Langzaam werd Lilo wakker. Het zonlicht scheen haar kamer binnen, wat haar wekker moest voorstellen. Haar echte wekker was kapot. Ze trok haar sloffen aan en liep naar de keuken. Haar enige pan stond nog op het fornuis – ze was hem gister waarschijnlijk vergeten af te wassen. Lilo keek of er nog brood was. ‘Hm’ mompelde ze. Er waren nog een paar klompjes. Dat moest wel genoeg zijn voor vanochtend. Ze pakte het brood uit de kast en gooide het op een eiken plankje. ‘Pam!’ riep ze naar haar huiskrijger, ‘Kom je ontbijten?’ Er kwam geen antwoord. ‘Pa-am!’ riep Lilo nog eens. Ze liep naar zijn kleine kamertje. Het bedje was leeg. Lilo keek de kamer rond. Het was niets voor Pam om op eigen houtje ergens naartoe te gaan. Misschien was ie even naar buiten om wat frisse lucht te halen. Het rook hier ook altijd een zo muf. Lilo liep, nog steeds met het plankje met brood in haar handen, naar de voorkant van haar zweefhut. Het was verlaten. Ook na een rondje om de hele hut gelopen te hebben was er nog geen spoor van Pam.
Lilo draaide aan de hendel van de loopplank. Dat ding ging altijd veel te langzaam, vond ze. Maar er was nou eenmaal geen andere manier om naar de andere zweefhutten te komen. Zodra de brug de zweefhut van Kay en Laurens bereikte stapte Lilo erop. Haastig liep ze naar de andere zweefhut, en klopte op de deur. Het duurde even voordat ze Kay’s voetstappen op de gang hoorde. Hij deed de deur open. Zij uitdrukking was enigszins verbaasd. Vast omdat ze hier zo vroeg in de ochtend was, dacht Lilo.

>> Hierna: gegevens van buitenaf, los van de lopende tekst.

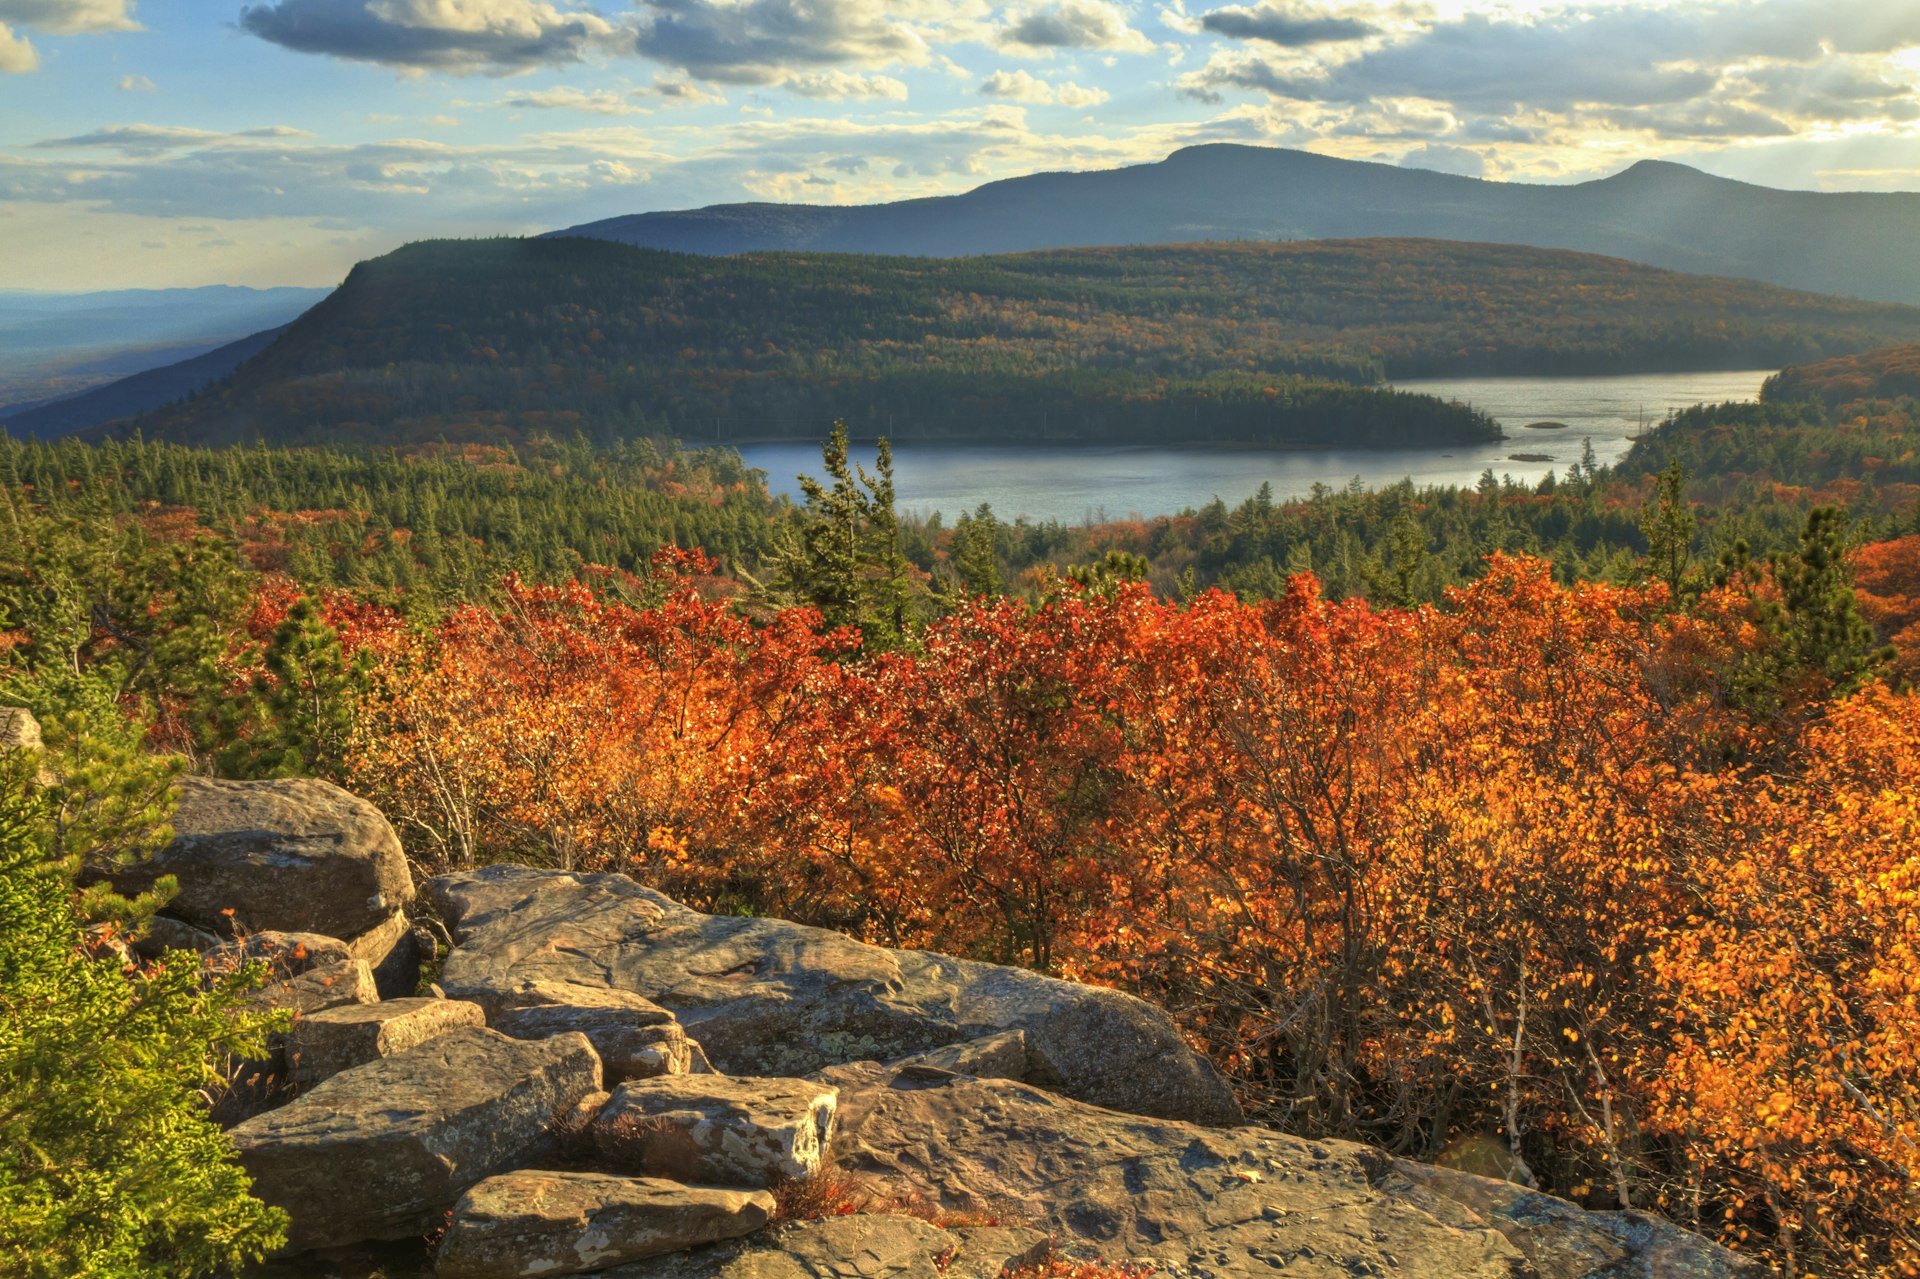 Autumn Day at Sunset Rock, overlooking North-South Lake in the Catskills Mountains of New York

‘Hoi Lilo,’ zei Kay, ‘Is er iets?’
‘Eh, eigenlijk wel ja.’ Zei Lilo. ‘Heb jij Pam gezien?’
‘Nee, hoezo? Is ie niet bij jou soms?’ vroeg Kay.
‘Nee,’ antwoordde Lilo, ‘ik heb overal gezocht, maar ik heb nog geen spoor van hem gevonden. En het is niets voor Pam om weg te lopen.’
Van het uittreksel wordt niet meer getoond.